The beneficiary of the deciding Supreme Court seat that was held open for nearly a year in an unprecedented delay of “advice and consent” just cast the deciding vote and wrote the decision.
NEIL GORSUCH says that the 1925 Federal Arbitration Act (FAA) passed by a Republican government before the Great Depression overrides the 1935 National Labor Relations Act (NLRA) and its provision for employees to join together for “mutual aid.”
This means that employers can write provisions into contracts that require employees who have claims of illegal wage withholding can be denied their right to courts. They have to go to private arbitration.
And it gets worse.
Employees may also be blocked from joining together in arbitration. If an employer rips off a hundred employees a small amount of money, those people are no longer allowed to join together for an overall decision on similar wage claims. They must each go separately, pay their separate fee, perhaps hire their separate lawyer, etc.
IT’S EVERY WORKER FOR HIMSELF!
Ironically, the case was decided by joining together three employers to reach an overall decision on the claims of different employers.
You read that right. Employers joined together to get a joint decision that employees cannot join together when they are ripped off of wages — certainly not in courts but now also not even in private arbitration.
5-4 decision. All Republicans voted to cut off employee rights. All Democrats voted to maintain employee rights.
The Seventh Amendment reads:
In Suits at common law, where the value in controversy shall exceed twenty dollars, the right of trial by jury shall be preserved, and no fact tried by a jury, shall be otherwise re-examined in any Court of the United States, than according to the rules of the common law
But this guarantee of trial by jury is not even considered.
The U.S. Supreme Court on Monday dealt a blow to worker rights, saying that employers can bar their employees from banding together to challenge workplace abuses including wage theft and sexual harassment.
MSNBC host and legal analyst Ari Melber summed up the 5-4 decision (pdf) by tweeting: “Supreme Court rules that you have the right to your day in court, unless a corporation effectively makes you give up that right.”
Political activist Zephyr Teachout, meanwhile, said the decision “is terrible news for workers in America,” as it makes “it harder for employees to get a fair hearing when they are screwed.”
When employers mandate arbitration clauses, employees must act as individuals to challenge alleged workplace abuses, and are thus barred from gaining strength in numbers through class action suits to challenge corporate power. In the cases before the high court, employers had argued they had the right to impose such contracts under the Federal Arbitration Act, while employees argued they had the right to take collective action under the National Labor Relations Act (NLRA).
Celine McNicholas, director of labor law and policy at the Economic Policy Institute (EPI), responded by explaining the real and specific impact the court’s ruling will have on workers:
These agreements bar access to the courts for all types of employment-related claims, including those based on the Fair Labor Standards Act, Title VII of the Civil Rights Act, and the Family Medical Leave Act. This means that a worker who is not paid fairly, discriminated against, or sexually harassed, is forced into a process that overwhelmingly favors the employer—and forced to manage this process alone, even though these issues are rarely confined to one single worker.

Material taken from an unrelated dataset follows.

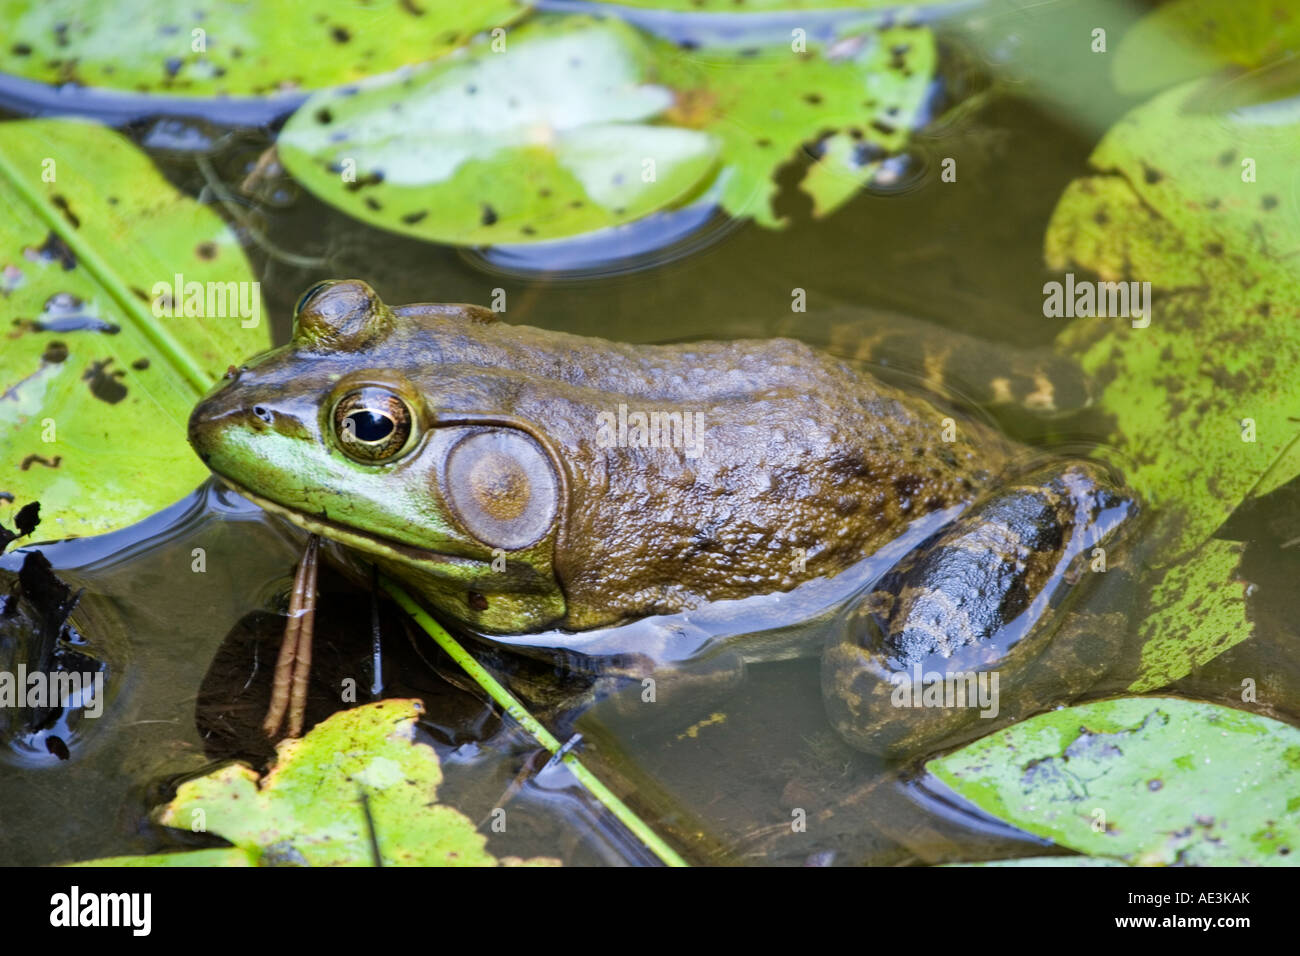 Bullfrog seduta metà immerso tra le ninfee Foto Stock

Conservative Justice Neil Gorsuch wrote the majority opinion, finding that “Congress has instructed that arbitration agreements like those before us must be enforced as written.” According to Steve Vladeck, a CNN contributor and professor of law at the University of Texas School of Law, “Not only is [Gorsuch] endorsing the conservative justices’ controversial approach to arbitration clauses, but he’s taking it an important step further by extending that reasoning to employment agreements, as well.”

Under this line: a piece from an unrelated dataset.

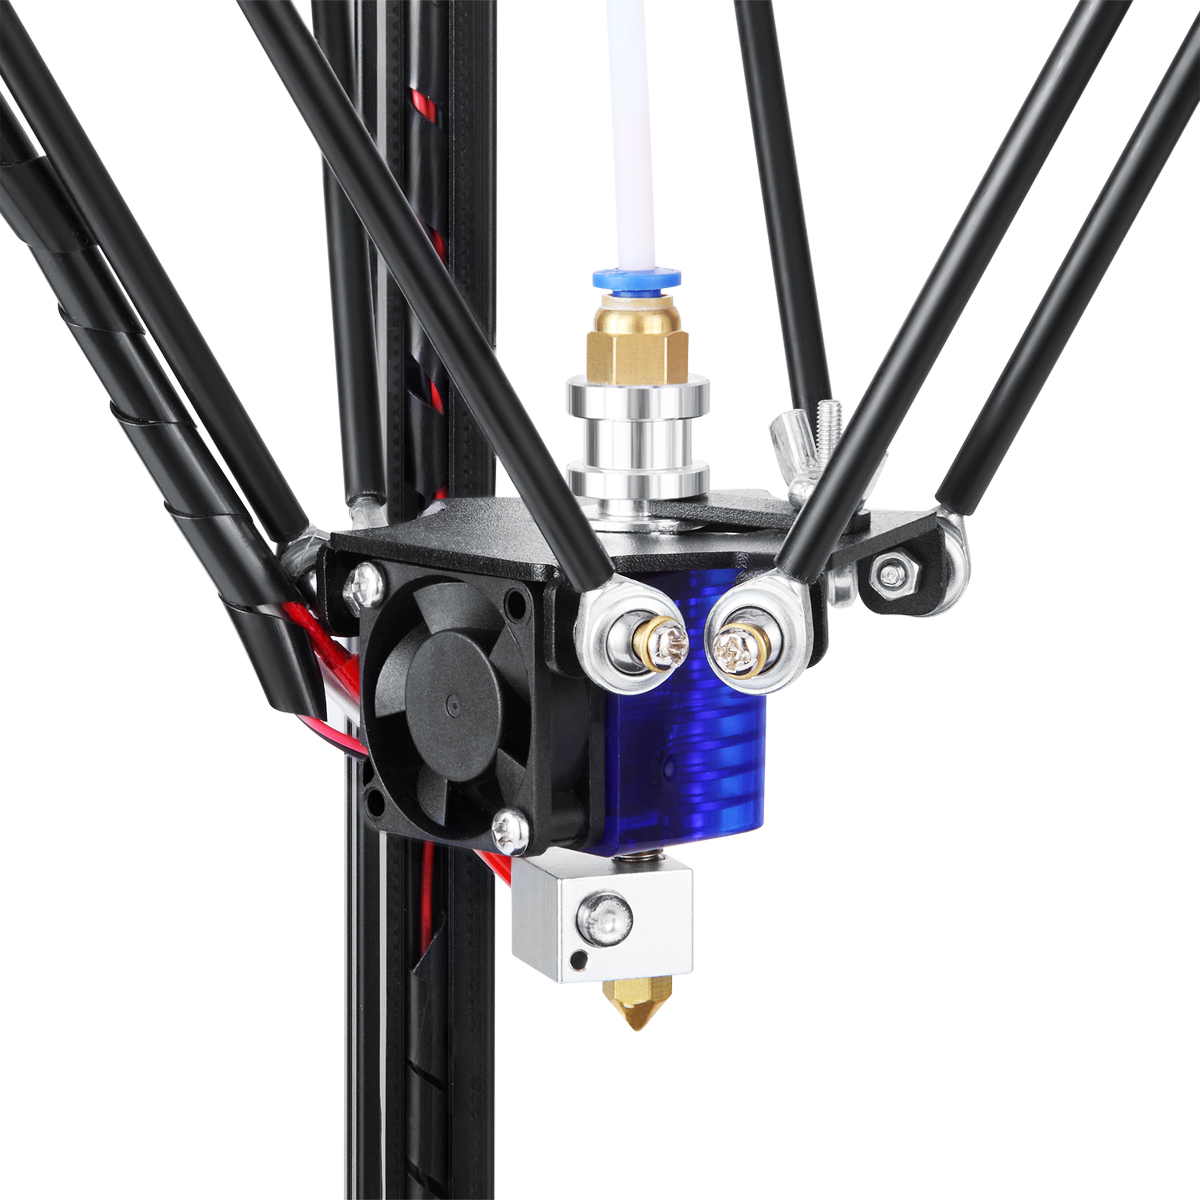 EZT® T1-M+L Delta Kossel 3D Printer DIY Kit 300*320mm Large Printer Size With Laser Engraving/1KG Filament Support Intelligent Leveing/Auto Change Fil 6

Justice Ruth Bader Ginsburg wrote the dissenting opinion, and read a summary of her dissent aloud—”something justices do only rarely to signify their objections,” USA Today reported.
Ginsburg called the decision “egregiously wrong,” and asserted: “Recognizing employees’ right to engage in collective employment litigation and shielding that right from employer blockage are firmly rooted in the NLRA’s design.”